Salut tout le monde! If you remember reading my last post, Voyageur du monde, you may remember that I hinted at another upcoming voyage, but I did not reveal my destination. My country count is now officially at four, as I just returned from a trip to Paris! What a weekend that was! Before heading off, I had quite a few expectations of the city, all of which are possibly the most cliché images one could produce of the city. This included wanting to eat crêpes at the Eifel Tower, hearing accordion players at various street corners, and going on long walks through the city’s gardens and famous streets, namely the Champs Elysée. But against all the stereotypes, I was most excited about just being in the presence of such history and culture. Not to mention the fact that I’d be able to visit a European capital city with such importance for politics, finance, and culture.

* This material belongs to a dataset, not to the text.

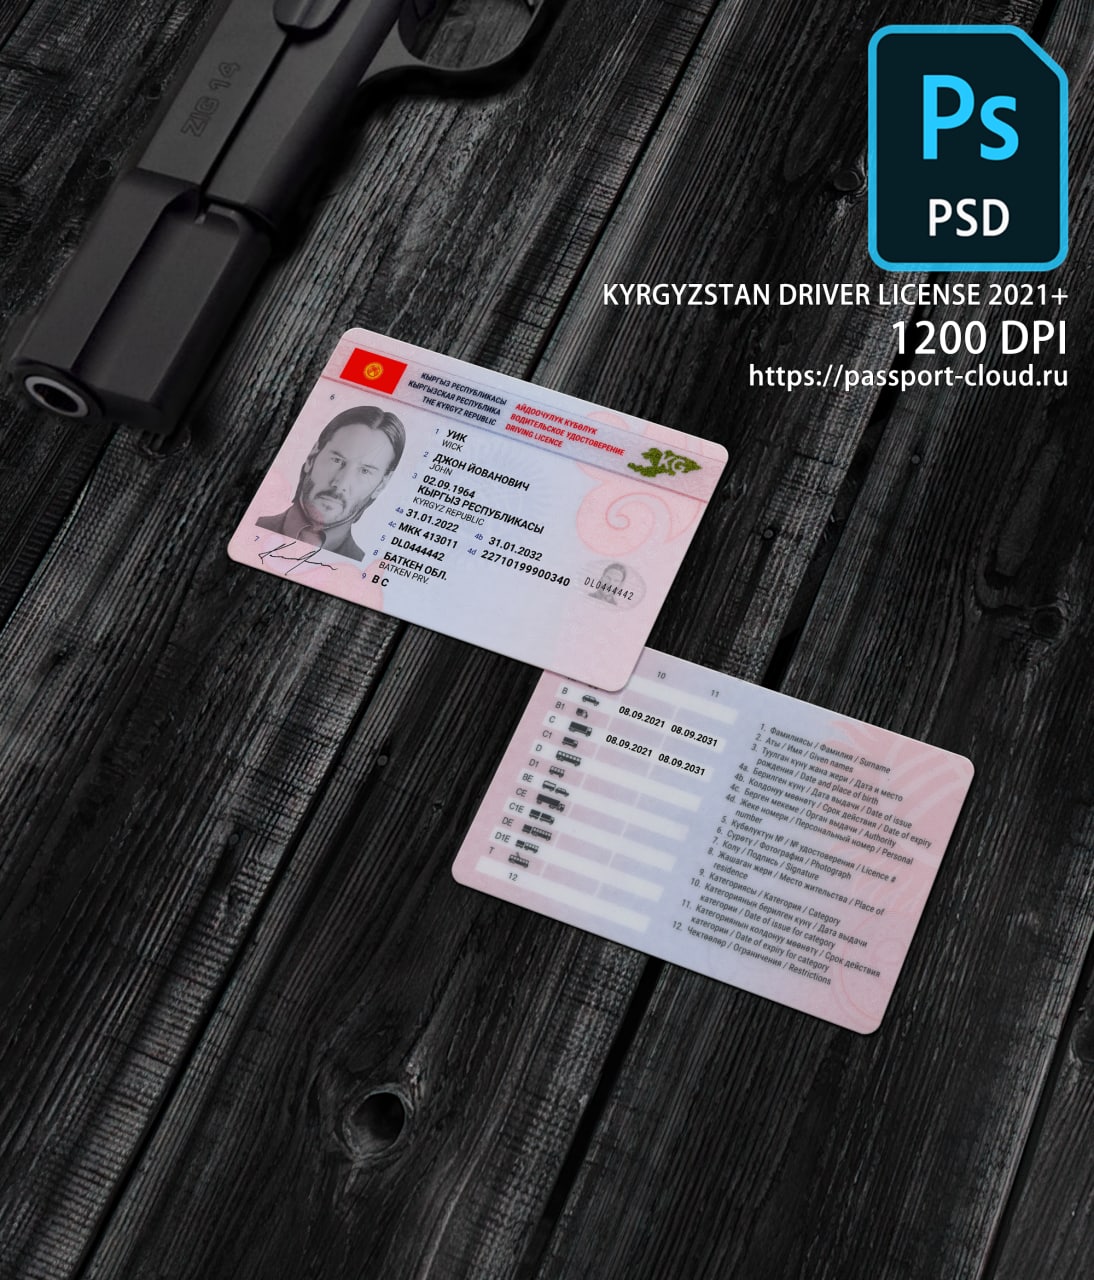 Kyrgyzstan Driver License 2021+1
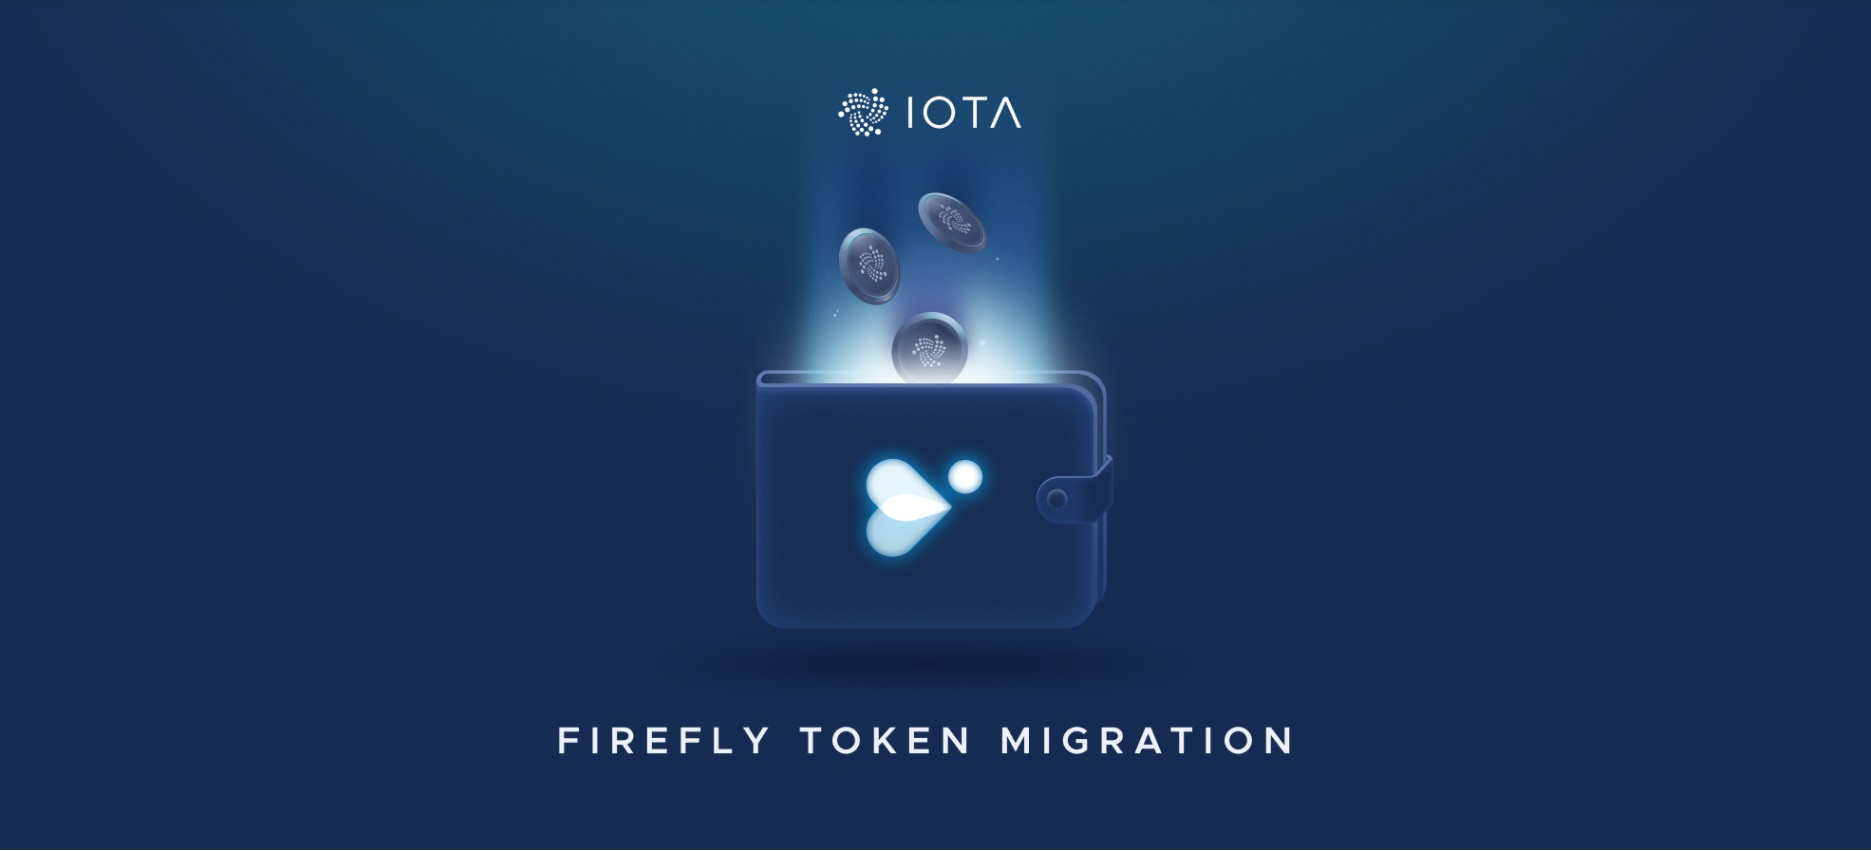 IOTA - migrácia tokenov do novej peňaženky Firefly

As always, the first thing that I was super excited about upon arriving in Paris was the fact that I could speak the language of the country. I didn’t have to ask someone at an information window to speak English, but instead, me and my friends who traveled together (other exchange students at UNIL) could all pose our questions in French and continue practicing our language skills. I also have to say that knowing the language definitely enriched the experience for me. The first site we visited was the city catacombs. Buried 45 million years under the Earth, the catacombs are the city’s former stone mines where the materials to build structures like Notre Dame Cathedral were taken from. As a more touristy twist, they have been turned into the burial site of more than six million people. Posted throughout the catacombs were writings, in both French and Latin, with very thought provoking quotes about human nature. Without knowledge of French, I would have missed out on what became my favorite part of the catacombs!
Of course, our tour of the city moved above ground after our first stop. We later found ourselves visiting an old train station turned museum, le Musée d’Orsay, where we saw the works of some famous artists I had first learned about in elementary school, such as Monet! My group and I had all decided that it was a necessity to go to a museum in Paris, even though not all of us were crazed for looking at art, just because it was such an important part of the city.
We found ourselves right downtown in the city when we left the museum, and by that point we all had food on our mind. After meeting up with a friend from France who had studied abroad at U of R last semester, we went off for our first real adventure into French cuisine. Luckily, our local was able to help us out with choosing some of the more traditional French dishes. I definitely branched out when I chose a duck dish for my dinner, and tasted my friend’s dish. She had ordered something called tartare de boeuf, which is essentially raw, ground meat with various seasonings for flavor. If you thought sushi is a terrifying concept, think again. I was at first really hesitant to try this, since all of my prior food knowledge was telling me something like this needed to be cooked, but I figured if French people can eat it, so could I, so I decided to be open and try it. I rewarded myself afterwards with crêpes, and then we finally made our way to the Eifel Tower.
That being just our first day in Paris, it would require a much longer post for me to recount everything that we did during this trip. Four days in the city gave us the opportunity to see and do so many things, from just aimless touring to visiting some historical museums as well, notably L’Hôtel des Invalides, a a military hospital that Louis XIV ordered to be built for his forces in 1670. In some of the areas where the walls were newly renovated, it became so easy to place yourself in this time period, and feel like you were a part of it for a moment. It was an amazing feeling, when looking up at all of the stone walls and blue roofs. We also got to see the tomb of Napoleon in Les Invalides, which for a history nerd such as myself was pretty exciting.
Did Paris live up to my expectations? It certainly did, and then some. In the end, I don’t think that I embodied the clichés that I felt like I would before heading off, minus the fact that me and my group all bought berets the very last day and wore them through the airport and all the way back to Lausanne. I do count on the fact that I will be back there one day, but as always, coming back to Lausanne a third time from a trip abroad helped to solidify just how special I regard this city and country, as my first ever home away from home.